I've crested uphill passes, with an uphill marathon in my legs, and only needed a chicken mayonnaise sandwich on soft white bread to assure that the last 14km flew by. I've had to pull off the freeway after a marathon and drive desperately around, knowing that if I didn't get a Macdonald's' vanilla shake immediately, I was going to pass out. I've had races saved by a cup of tea and a stick of jerky.
Cravings
There isn't a sports physician alive who can explain to you where these cravings come from and why they differ so much from person to person and race to race. My uncle used to brew his own ginger beer in bottles that had to be kept in a safe cupboard outside for fear of explosions and yet he ran to a 23rd place finish in a 95km marathon drinking nothing else. My dad craves raisins after each long run. I've got mates who have stumbled up to the start of a qualifying marathon, reeking of smoke and tequila excess and put in a creditable time, and yet seen their main race later in the season dissolve into tears as their well rested, perfectly nourished bodies decide to collapse with a dozen kilometres still to run.

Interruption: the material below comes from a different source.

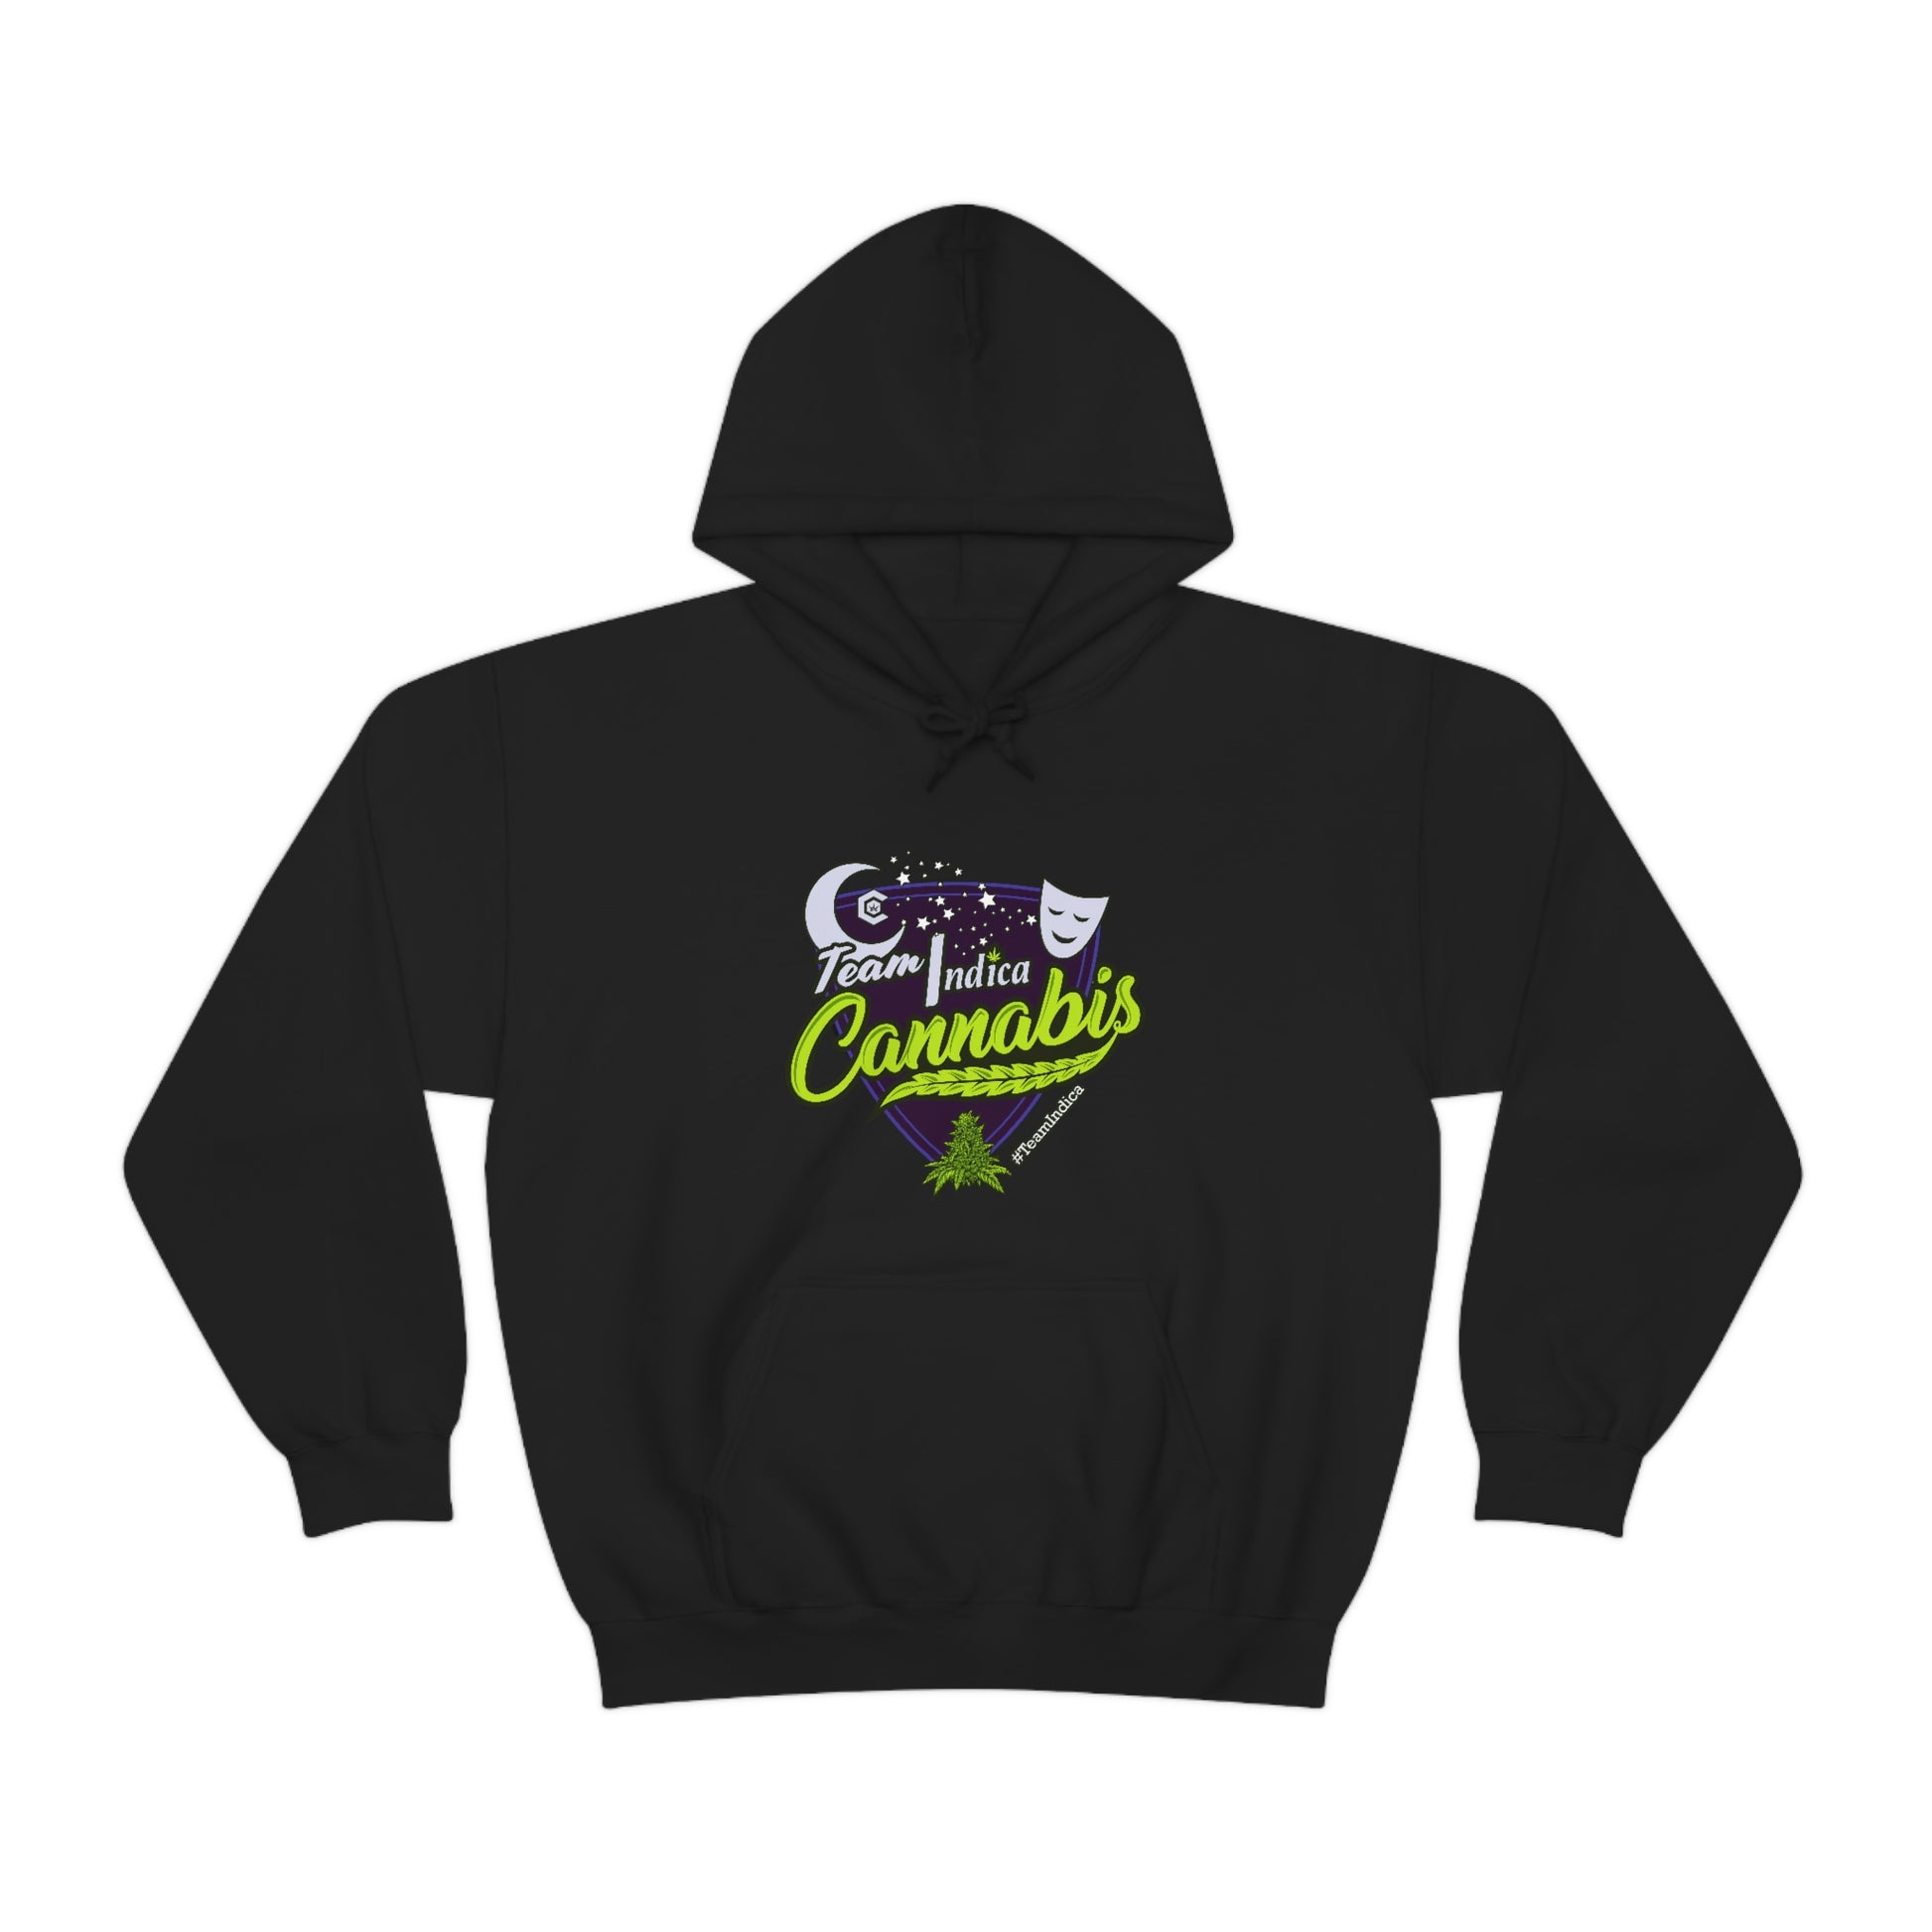 a black hooded sweatshirt with the product name "Team Indica Cannabis Pullover" on it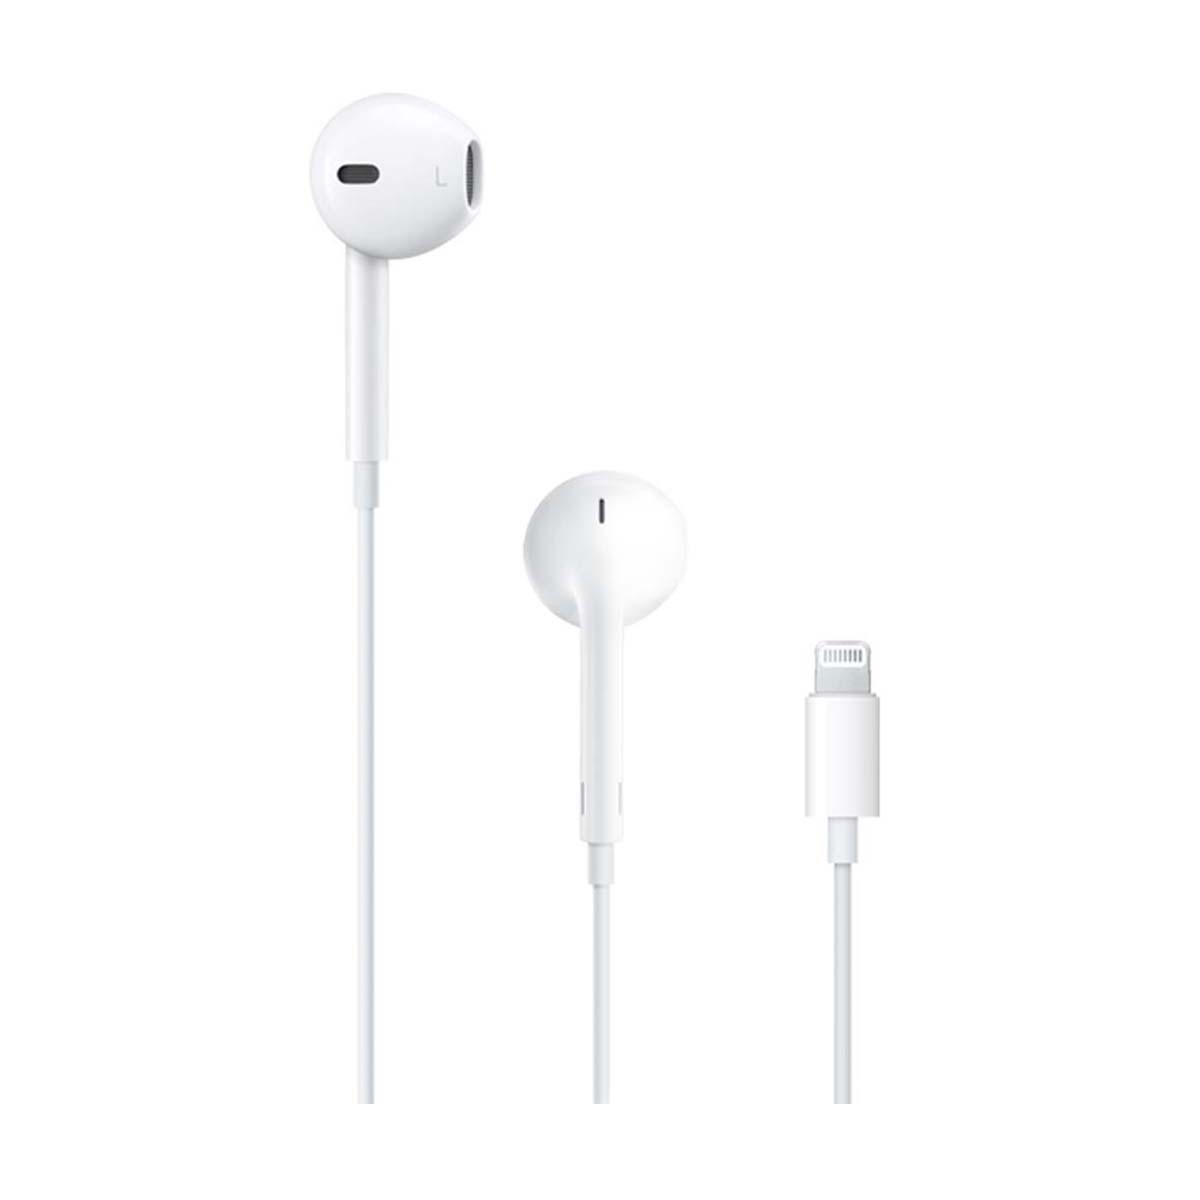 Headphones for iPhone, Handsfree with Lightning Cable

You see it in the fashions of the pros as well. The Russians use Vodka as a recuperative after their long training runs. And we never quite got to the bottom of the Chinese women and their caterpillar blood. The fact is we haven't got a clue what makes us tick. I've heard dieticians point out that the only reason we drink Coke at marathons is because it's there. And possibly because beer comes in difficult to handle kegs.
There is a temptation to try to over analyze what we put into ourselves to make us run. There is that feeling that if we could just find the perfect mix of pre-race carbs, morning coffee and corn syrup, we'd never blow again. I suspect that the opposite is true. If your day has gone to hell, you could be transfused with three pints of Floyd Landis' finest and still have to struggle to avoid the bale bus. On other days, some peanuts and a sip of someone's girlfriend's alcopop and you're good to go.
Sucking
Maybe it's all about attitude. One thing I do know is that the difference between sucking on an energy sachet on your own, and being handed a half chewed fizzer by your cheering son is immeasurable.
I'm sure that half the benefit of a carefully concocted race drink at your club refreshment station is about the comfort of the familiar.
So next time you're seconding a mate and he demands three purple Liquorice Allsorts and a sip of cream soda, just humor him. And hand it to him with a smile and some friendly abuse. He'll come right. But the beers are on him at the end.